Я хотел было сказать, что ему все же следовало связать свою жизнь с музыкой, но вовремя удержался: я ведь знал о его любви к роялю лишь с его слов. Заметил только, что, может быть, ему ближе умственная деятельность.

— Ты, значит, веришь в облагораживающее воздействие умственного труда?

Теперь он явно насмехался надо мной.

— Что ты читаешь? — спросил я, пропустив шпильку мимо ушей.

— Ты имеешь в виду вот это? — Держа руль левой рукой, он правой поднял книжку, которую взял с собой. — Вышинский. Обязательная литература. Госэкзамены на носу.

Оказалось, что занятий он не бросил. Это был прежний Похлап.

Мы прибыли в Тихеметса.

Попрощались. Он пожалел, что обещал сразу же доставить машину обратно, а то остался бы меня послушать — о чем я буду говорить. По-прежнему ли мне все на свете ясно или же возникли какие-то проблемы? И добавил, что для него многое с каждым днем делается все непонятнее. Последние слова усугубили мое впечатление, что в его жизни был какой-то срыв. Пятидесятый год спутал судьбы многих хороших парней.

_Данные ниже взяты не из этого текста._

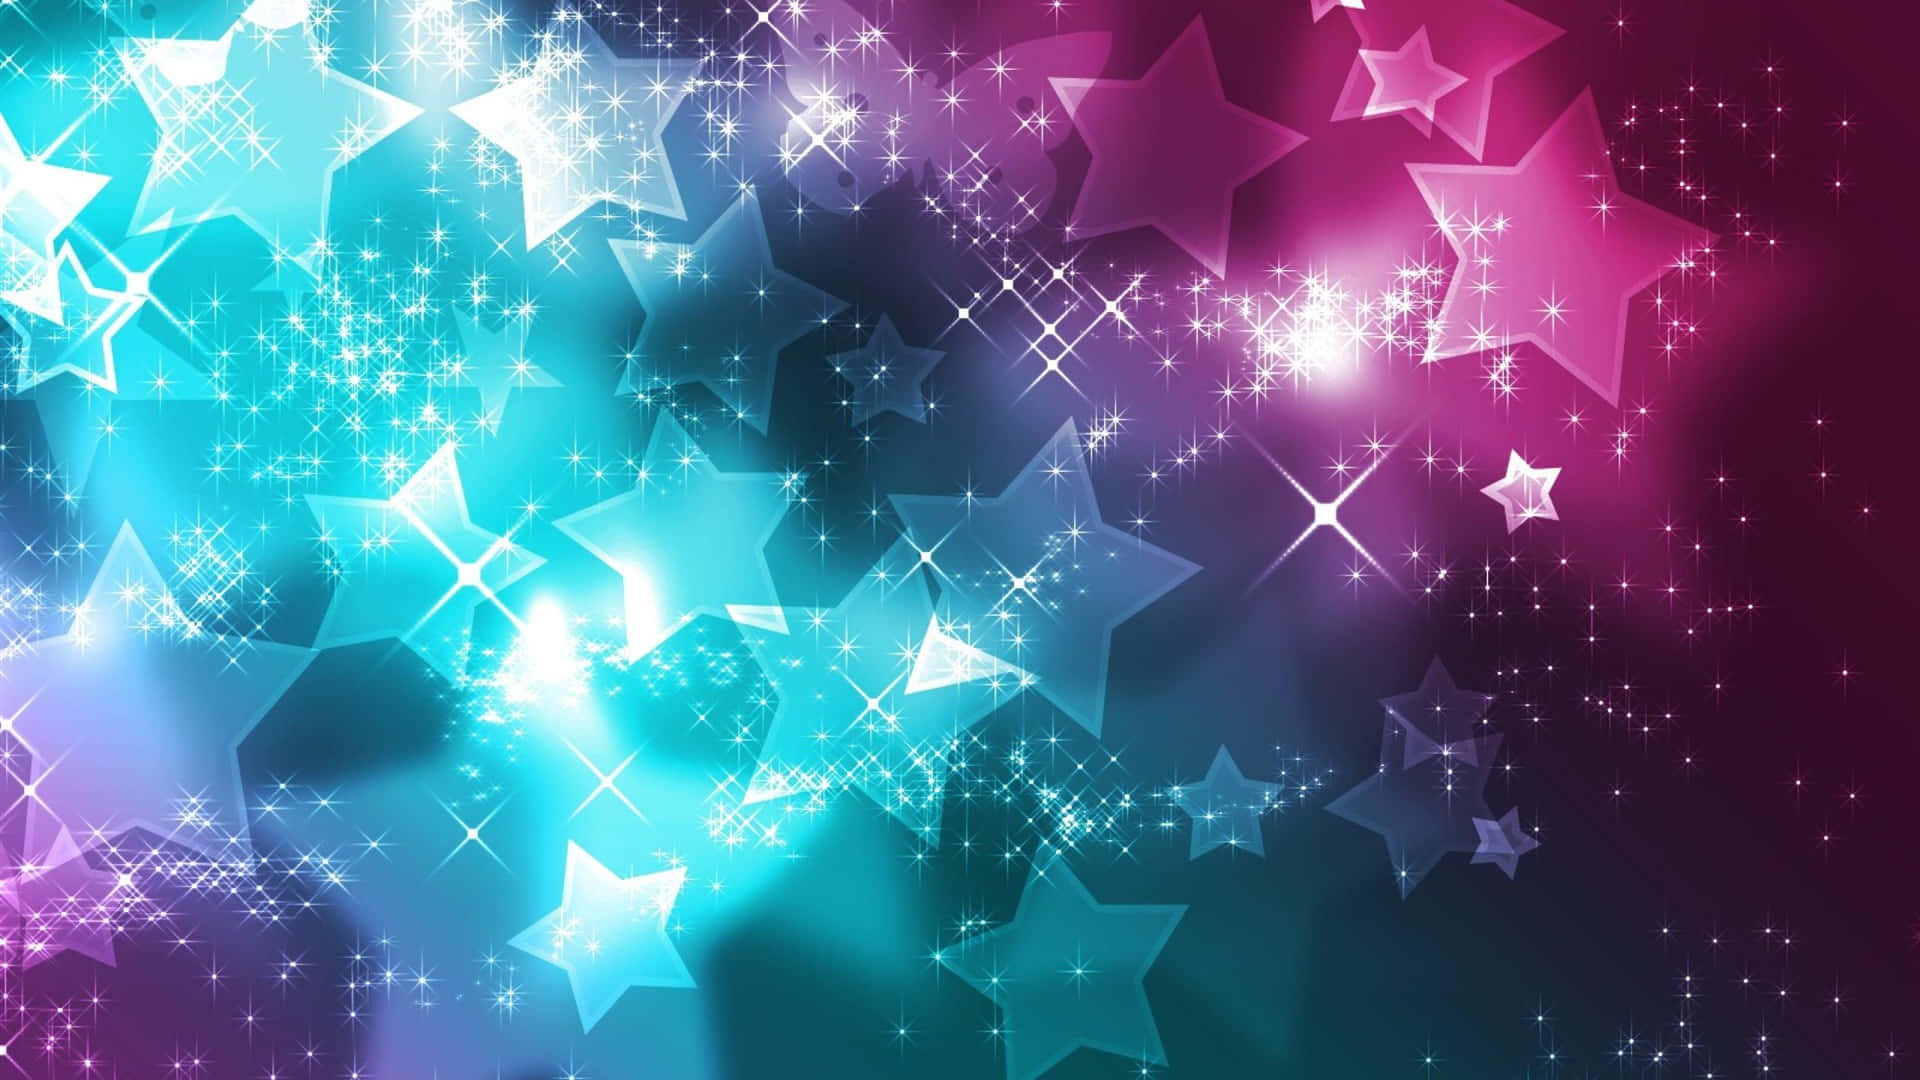 A Colorful Background With Stars And Lights Wallpaper

Главное здание техникума расположено метрах в ста от шоссе. Я поспешно зашагал к нему. Но не сделал и двадцати шагов, как Похлап догнал меня и спросил, воюют ли на стороне Северной Кореи добровольцы из Европы, так же, как во время гражданской войны в Испании они дрались против войск Франко. Я, как образованный человек и столичный житель, должен был это знать. Он завтра же подался бы в Корею, если б мог попасть туда. Слова Похлапа показались мне крайне наивными. Так может говорить и спрашивать только инфантильный неоперившийся юнец, а не человек большого и нелегкого жизненного опыта. Ничего дельного я ему ответить не смог, и он повернул назад.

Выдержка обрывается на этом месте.